A new TLS extension is defined which allows a client to indicate in the Client Hello message that it is prepared to accept delegated credentials if the server wants to use them. The same extension can be used by the server in the Certificate Request message (used if the server is carrying out client authentication) to indicate that it will accept delegated credentials along with the client certificate.
One important point to note is that the public TLS server certificate in use by the site needs to have an X.509 extension (DelegationUsage) indicating that the certificate supports Delegated Credentials. This does mean that the existing site TLS certificate will need to be updated to a new certificate that includes the extension.

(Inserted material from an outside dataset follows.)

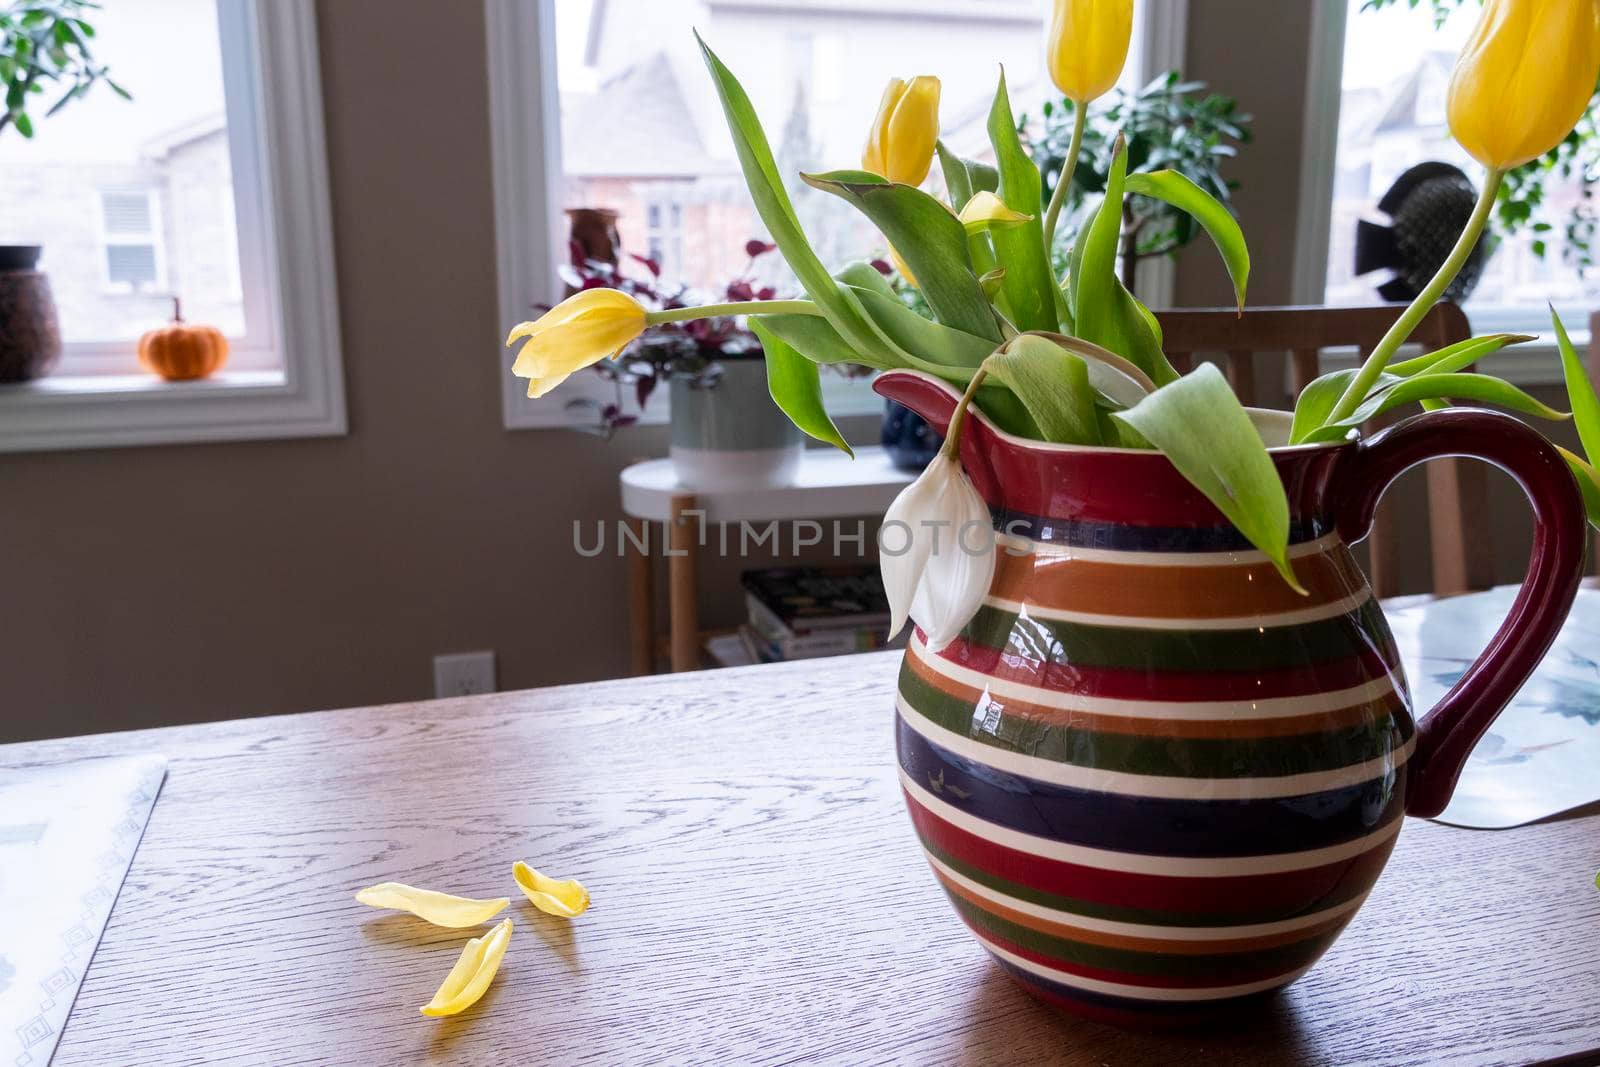 The yellow petals of the first spring tulips fall on the dining table

The benefits of using Delegated Credentials are significant, particularly for large organizations with many servers. An indication of this can be seen by some of the organizations that have already adopted this approach in advance of the actual RFC being published.
- Facebook is using this approach to reduce the lifetime of TLS certificates down to days or hours as they describe here.
- Cloudflare is using Delegated Credentials in a slightly different way to enable their CDN edge servers to respond on behalf of a hosted site without needing to have the hosted site TLS certificate private key. Details on this can be found here.
TLS is Not Standing Still
The above examples of enhancements to TLS 1.3 are by no means all that is going on with regard to TLS 1.3. There are other developments in progress that are more contentious than the examples mentioned in this blog post. We will take a look at these in a future post.